Sem a carta liberatória, retida por mais de quatro meses, o jogador perdeu várias oportunidades de atuar pelo Fluminense e somente com mandado de segurança conseguiu a liberação.
O Corinthians ainda tentou recorrer ao TST (Tribunal Superior do Trabalho) para reduzir a indenização, alegando enriquecimento sem causa, mas a 3ª Turma negou provimento ao agravo de instrumento.
A defesa do clube alegou que a decisão do TRT-2 (Tribunal Regional do Trabalho da 2ª Região) (SP) havia violado artigos da Constituição Federal, do Código Civil e da Lei Pelé (Lei 9615/98).

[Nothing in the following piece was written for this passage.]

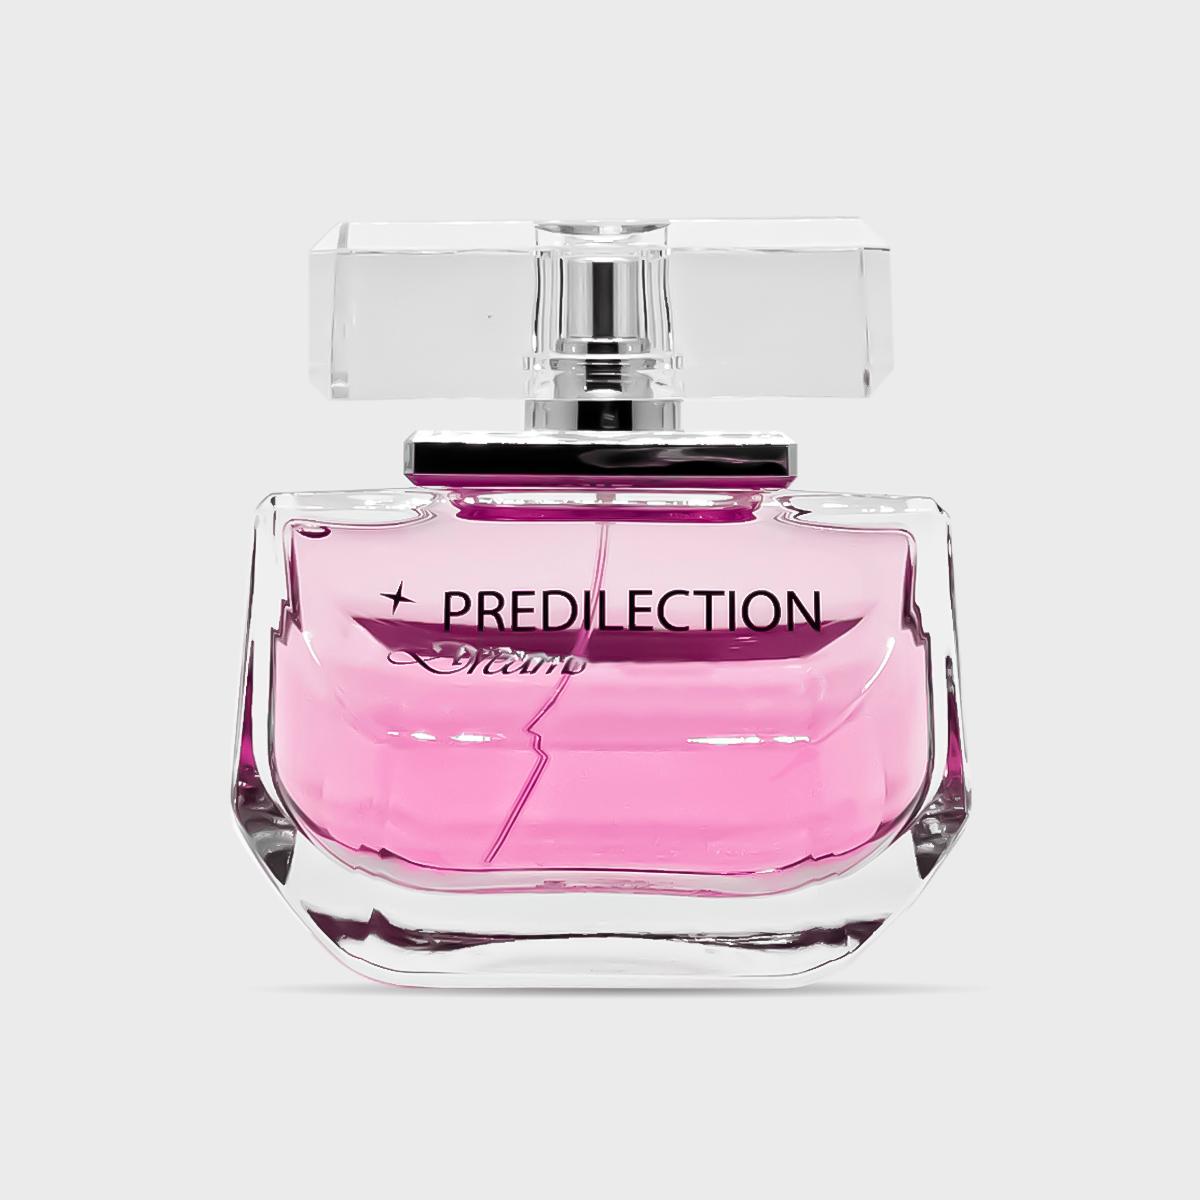 Perfume Predilection Dreams Feminino Edp 100ml Paris Bleu
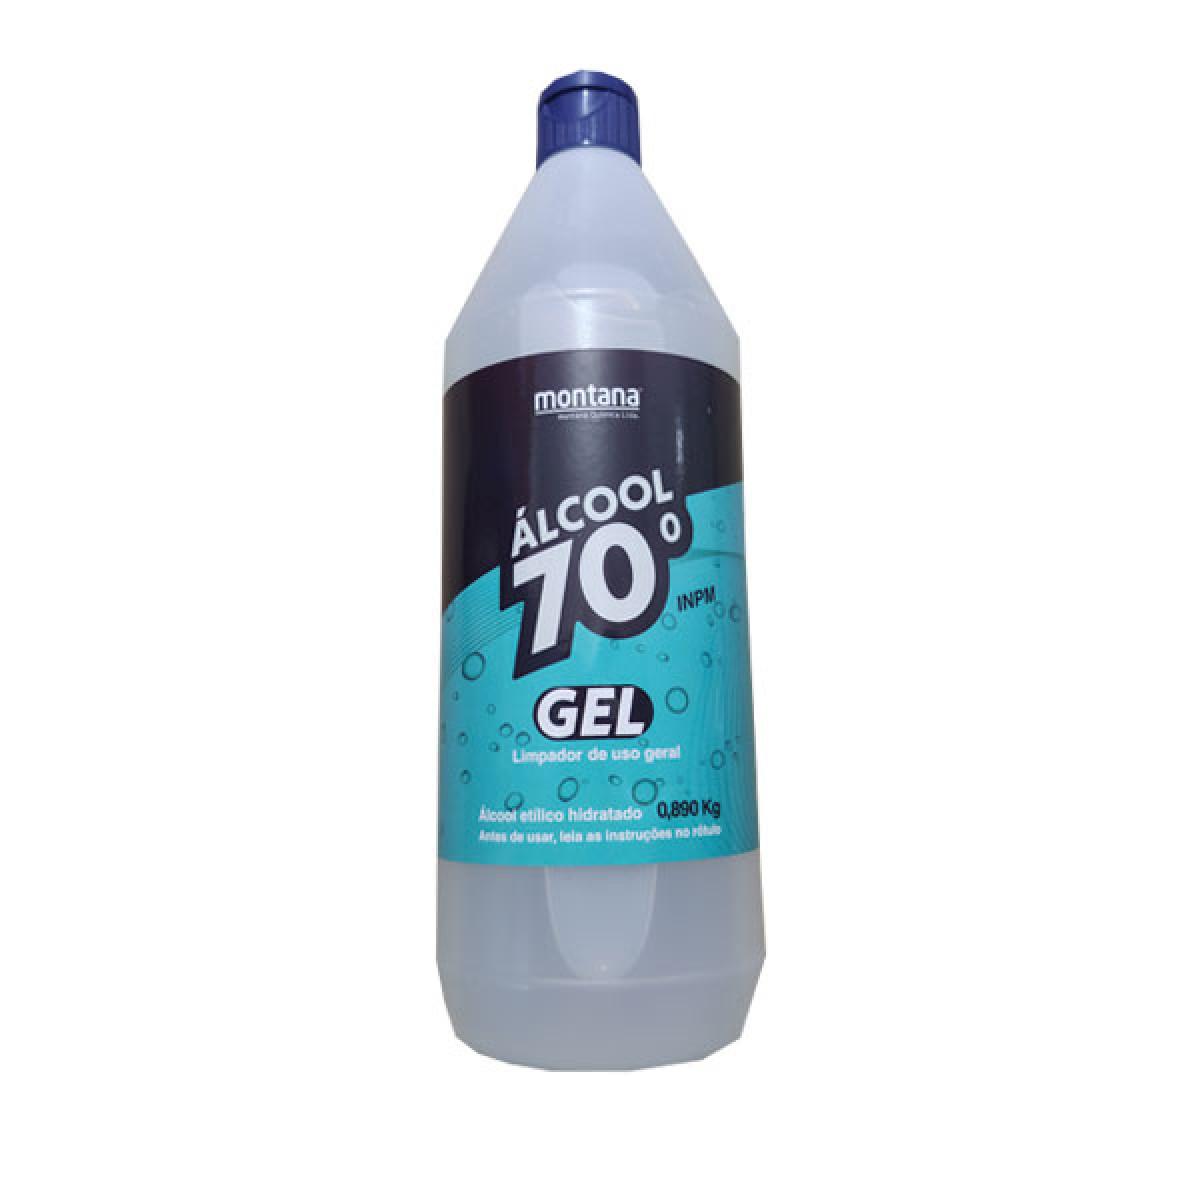 loja_soldamaq_produto_álcool gel_solução 70°_890g_Montana

O clube paulista alegou, ainda, que o valor da indenização é excessivo, porque, apesar da demora, o jogador conseguiu assinar contrato com o Fluminense, e, além disso, a indenização - correspondente a 50 meses de salário do trabalhador, de R$ 500 - implicaria enriquecimento sem causa.
Segundo o ministro Horácio Raymundo de Senna Pires, relator do agravo no TST, “se alguma desproporcionalidade houve na fixação do valor da indenização por danos morais, ela o foi contra o atleta, e não contra o clube”.
Para o relator, ainda que se admita que o valor exceda ao total dos salários recebidos pelo jogador durante toda a vigência do contrato de trabalho, ”é certo que, se comparado ao que o clube notoriamente paga a seus atletas de ponta, ou, ainda, ao que arrecada com bilheterias, patrocínio e transmissão de jogos pela TV, aquele valor torna-se ínfimo, irrisório”.